I imagine you would want to heat the pond even in the summer to prevent large day/night temp fluctuations. The temp is pretty constant in the lake and in our indoor tanks. :thumb:


----------



## football mom

There's several fishkeepers I know of in the San Antonio area that keep cichlids outdoors in summer. It's reported that they grow really fast in a set up like that. One guy has an actual in-ground pond, others set up the "kiddie pool" and stock it over the summer.
I'm considering buying a RubberMaid 150 gal livestock trough and setting it up as an outdoor
tank.


----------



## Malawi Mac

I would be concerned about predatory birds thinning out my collection. I would think that the brightly-colored cichlids like male haps/peacocks and many mbuna would stand out more viewed from the sky.

It's one thing to occasuinally lose a 3-4" goldfish; it's quite another to lose 3-4" Malawi cichlids.

I'm only speculating here. I've dreamed of having a backyard pond, but my wife and I have two Labrador retrievers. I can only imagine the havoc they would raise in a backyard pond.


----------



## DJRansome

Yes the wildlife would clean out a pond in NJ, heron, fox, bear, racoon, snake, etc.


----------



## football mom

I guess if you live in an area with a lot of wild life, that would be a problem. If I do get around to my "stock tank" pond, it will be next to the house on my patio, with lilies and plants. 
Hopefully the house hold cat and 4 dogs will keep the fishing birds and possums away.


----------



## DJRansome

The dogs maybe, if they are out all day. I live within an hour of NYC. The herons like the sunnier areas I hear, my shady stream doesn't have heron problems. But people who have landscaped ponds have to net them and have scarecrow owls, etc.


----------



## BigJagLover

I live in central Va and i have done this with several diffrent fish. Centrals were the first to go in the pond but they hid all the time. So the next summer I put out my africans which included som peacocks and mbuna. All were 3"+ the biggest were a pair of ice blue grekshi. they were 6" and 5" , male female.

My pond is deep about 30" so the wildlife didn't mess with them at all. I provided plenty of cover for them and made sure the night time temp was around 75 degress F. that way the pond temp would be as steady as possible. I also covered one side of the pond with styrofoam to keep it from getting too hot in the day time.

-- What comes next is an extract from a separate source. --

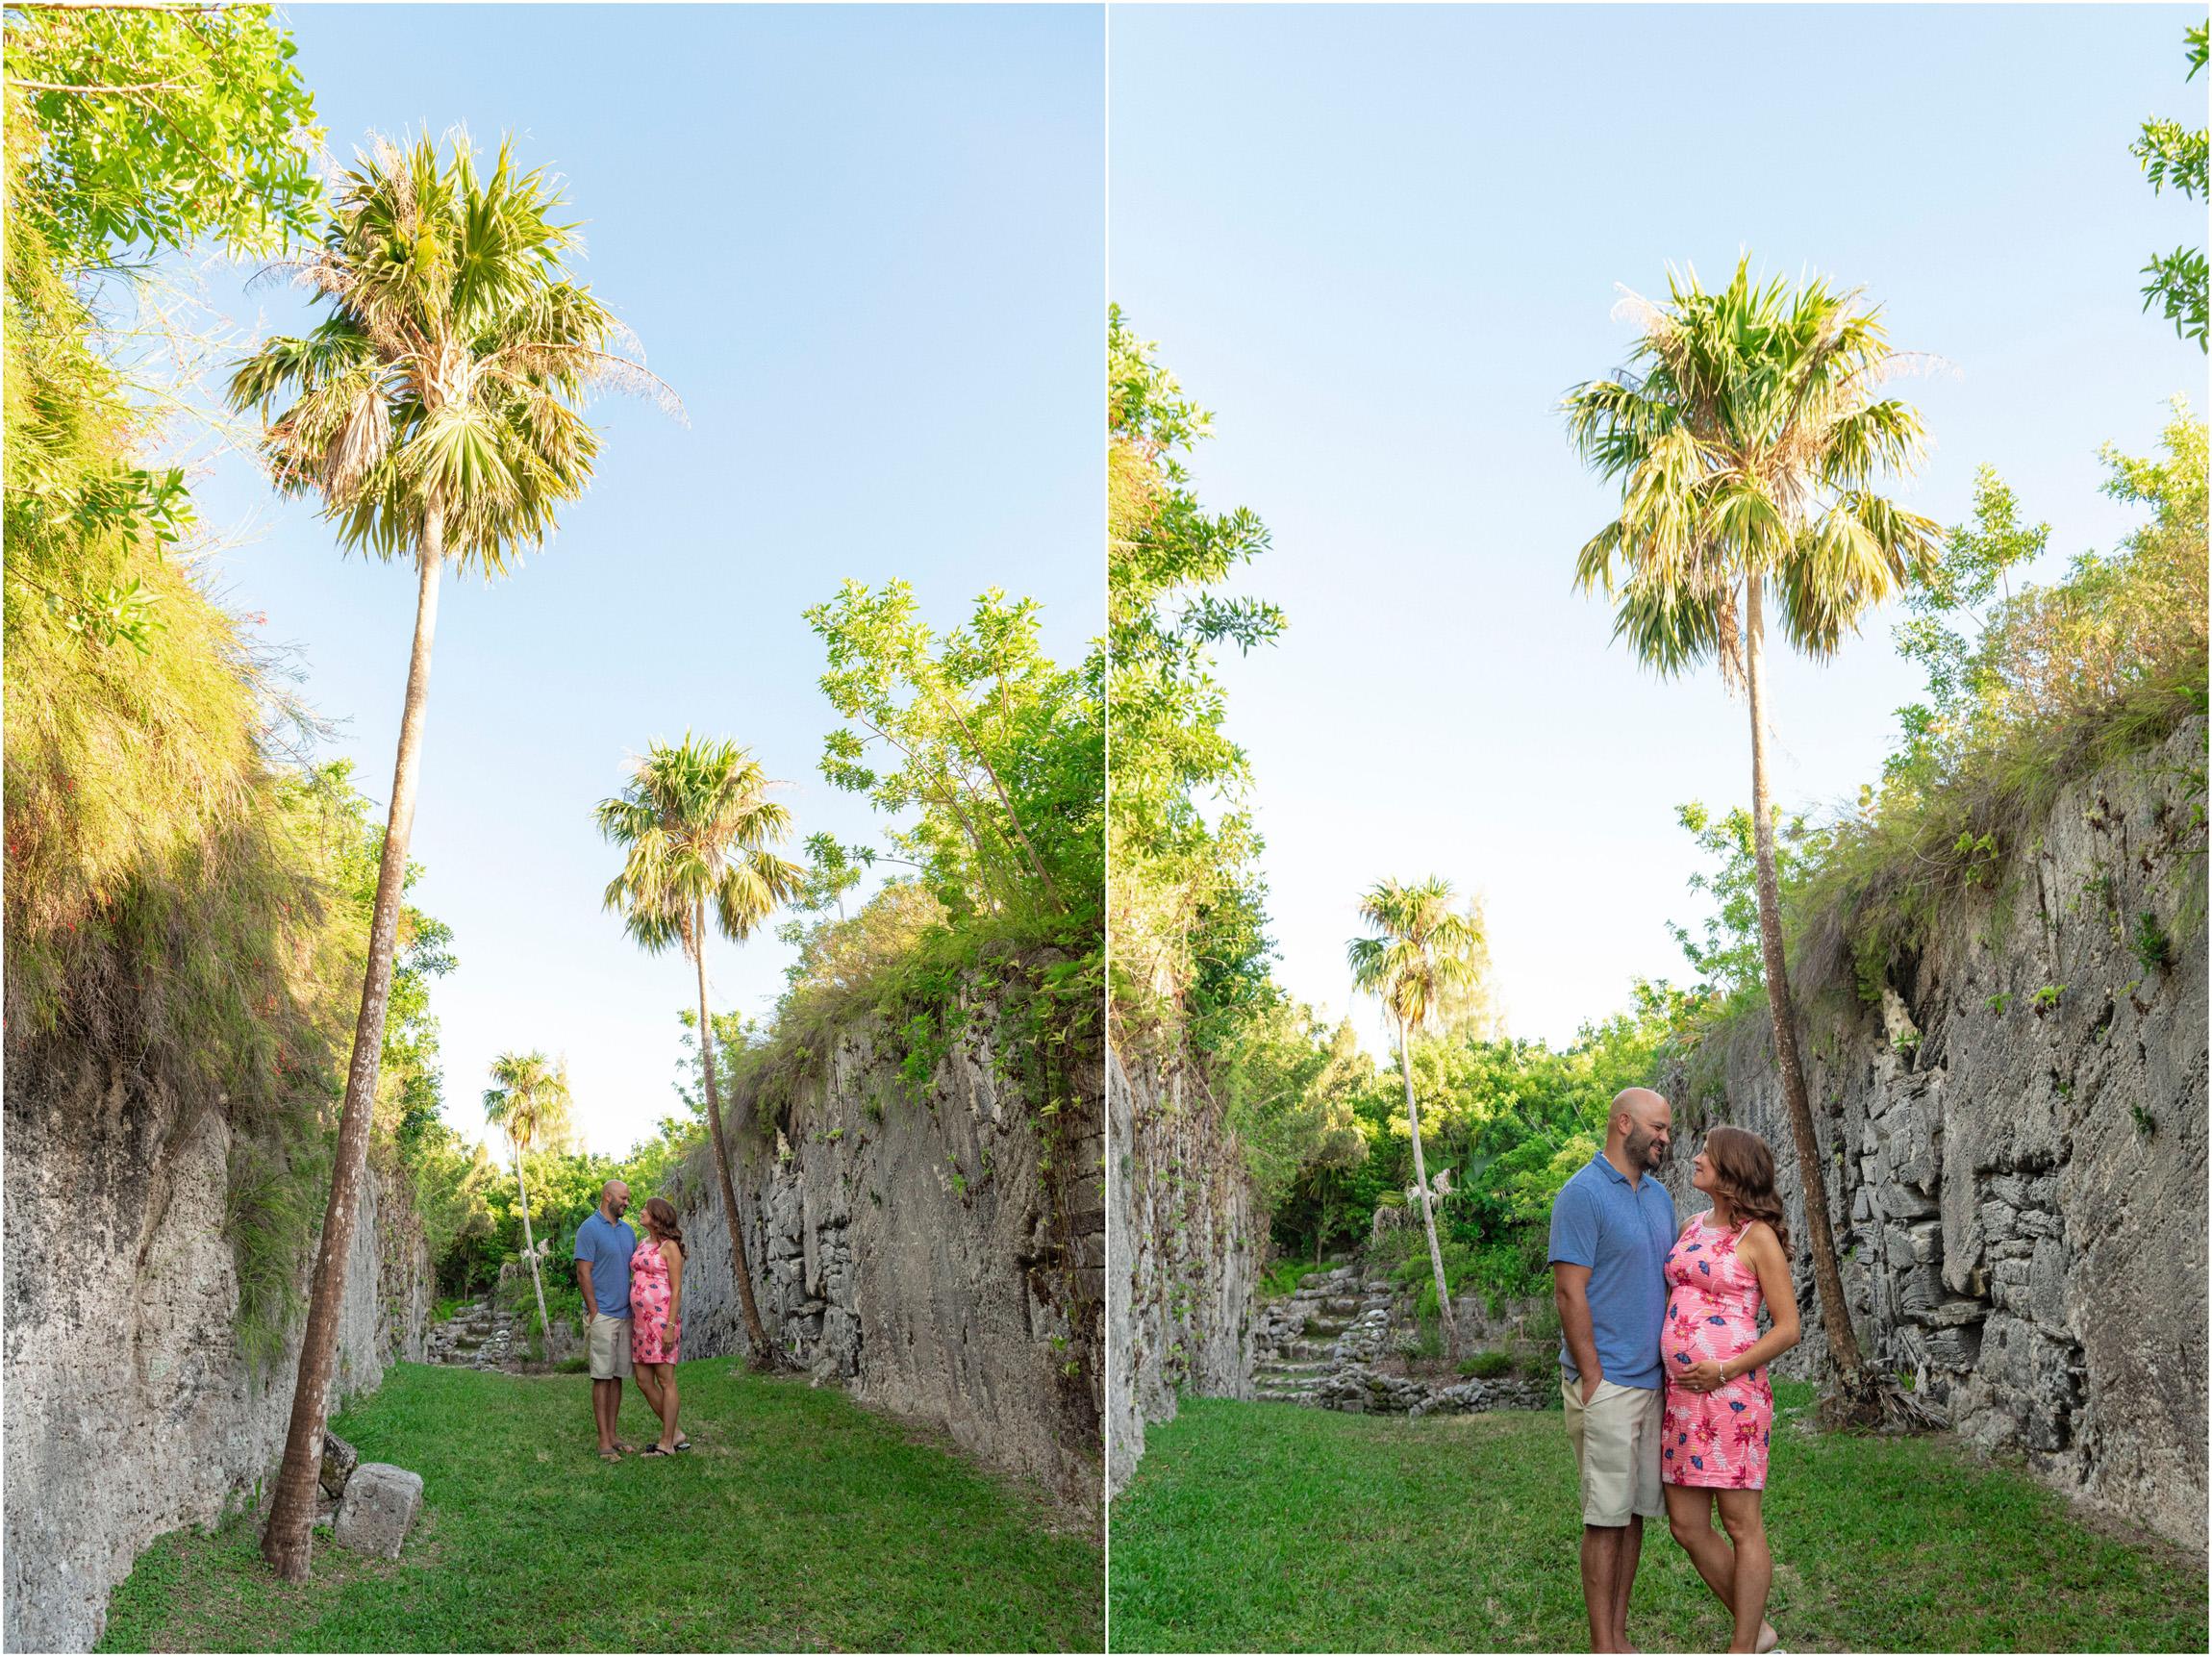 ©FianderFoto_Bermuda Maternity Photographer_Elys Harbour_Ft Scaur_Airbnb_Victoria_Mike_011.jpg

I personally like the colors of the. fish when they come back inside after eating all the natural foods from the pond. you know bugs and algae. They just look beautiful when they go back into the tank. also most of the females will have spawned by then and there's a lot of fry to collect. Which is the hardest part of the job.


----------



## eoconnor

Came across this thread. Was actually just sealing up a pond in my backyard this weekend. I live in San Diego, and was toying with the idea of a year round pond....today is 78 degrees Feb 7th, and there are a lot of days in winter in the high 60's into 70's, nights drop into the fifties regularly though, but I wonder how much work a heater would really have to do if you covered the pond at night? It would hardly be on in summer at all.

What are the temp requirements for SA cichlids? Are Oscars more tolerant of swings than Old World cichlids? I'd love to do fronts or something, but it may be ambitious to start with...


----------



## tirzo13

Ill be bringing back some cichlids from South America in April that can handle water temps in the 40's.
Keep them outdoors yearround in some states, or in your house with no heater needed!
Most of these have never been to the USA and some have never been photographed, i will have pix in April.


----------



## exasperatus2002

I've kept borleyi in my large preform pond & pulled them out in fall. Had nice colors. Mbuna would do real well with the algae growing on the sides of the pond. Have to fish them out at night with the flashlight to stand a chance. Just have to watch the temps & oxygen levels in the summer depending on where your pond is located. If its full sun increase your water flow & supplemental oxygen. I used to loose goldfish in the summer till I planted a large butterfly bush beside it for shade & added a 2nd pump. You can also use a piece of plywood to cover 1/3-1/2 of the pond to help if your in direct sun.


----------



## phorty

I'm in Chicago as well and would love to see some of these ponds in person!!


----------